The low-rate residual SEL was characterized though extensive neutron and proton beam testing on AMD Zynq™ UltraScale+™ devices, AMD Kintex™ UltraScale+™ FPGAs, and AMD Virtex™ UltraScale+™ FPGAs.
The impacted circuits in the device reside in the System Monitor (SYSMON) block and the high-performance (HP) I/O auxiliary block that controls level shifting and digitally-controlled impedance for the HP I/O pins. When following standard PCB guidelines and data sheet specifications for XC devices, these blocks are powered by the VCCAUX, VCC_PSAUX, and the VCCAUX_IO supplies that are connected together and powered at 1.8V. The number of SYSMON blocks depends on the device. See the Defense-Grade UltraScale Architecture Data Sheet: Overview (DS895) for how many SYSMON blocks are available by device. All UltraScale+ devices have an HP I/O auxiliary block for each HP I/O pin.

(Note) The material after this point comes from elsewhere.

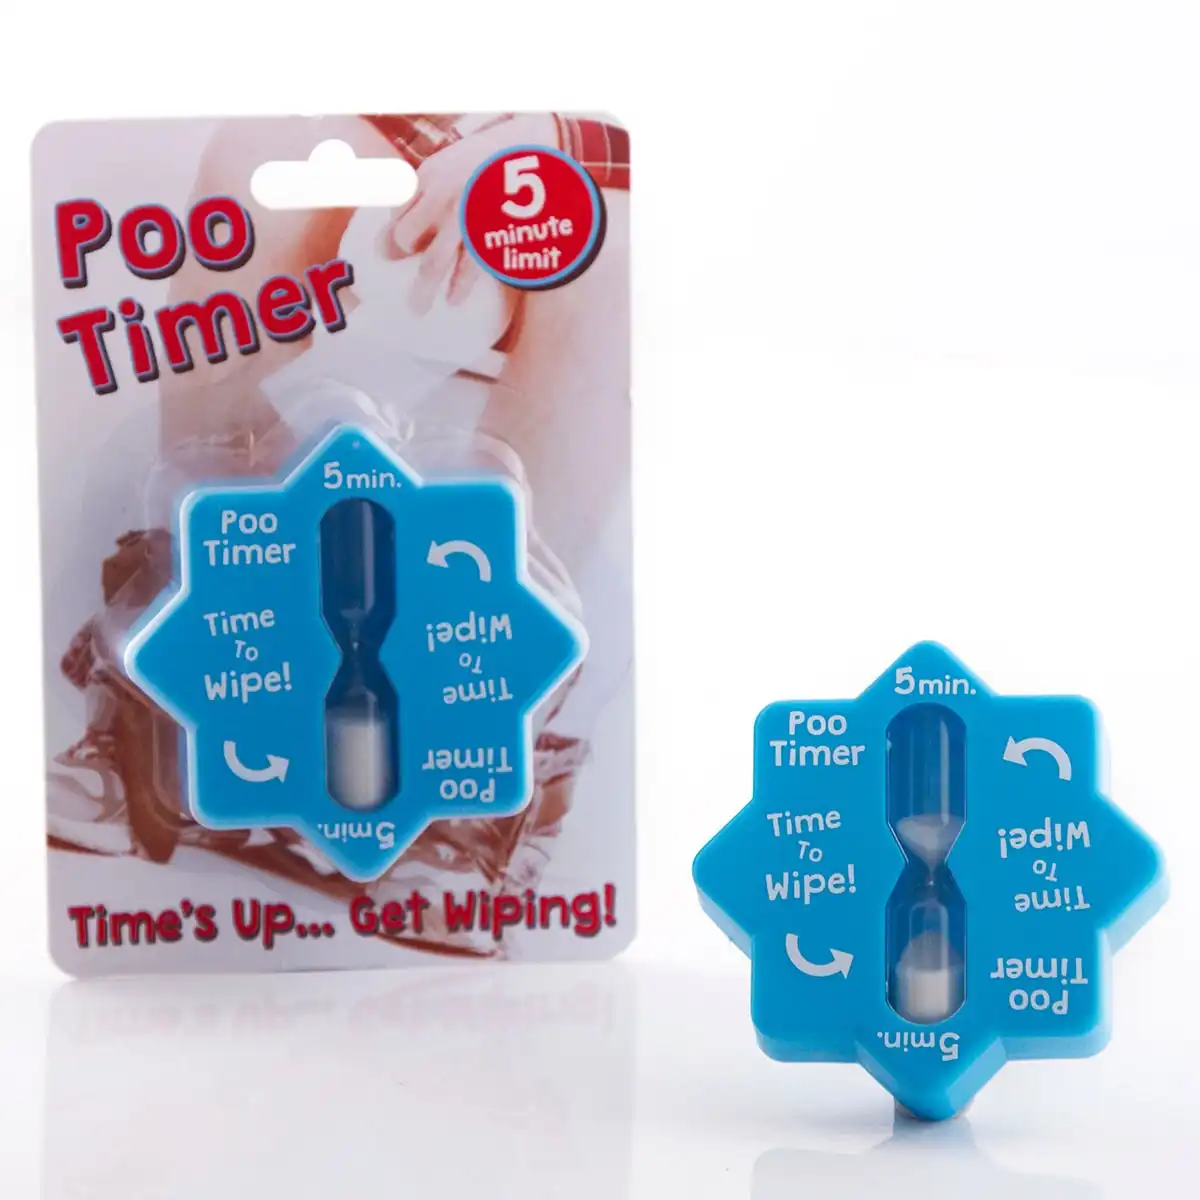 Boxer Gifts - Poo Timer

An SEL event manifests in an increased current draw on the supply line of interest. The only way to clear that increased SEL current is to power cycle the affected voltage line to a point below the holding voltage of 1V. Applying this approach on an XC device, where all the affected power rails are connected to 1.8V, would trigger power-on reset. Employing a more granular power system that independently controls the processing system (PS) and programmable logic (PL) affected supplies can allow for independent PS and PL recovery from an SEL event.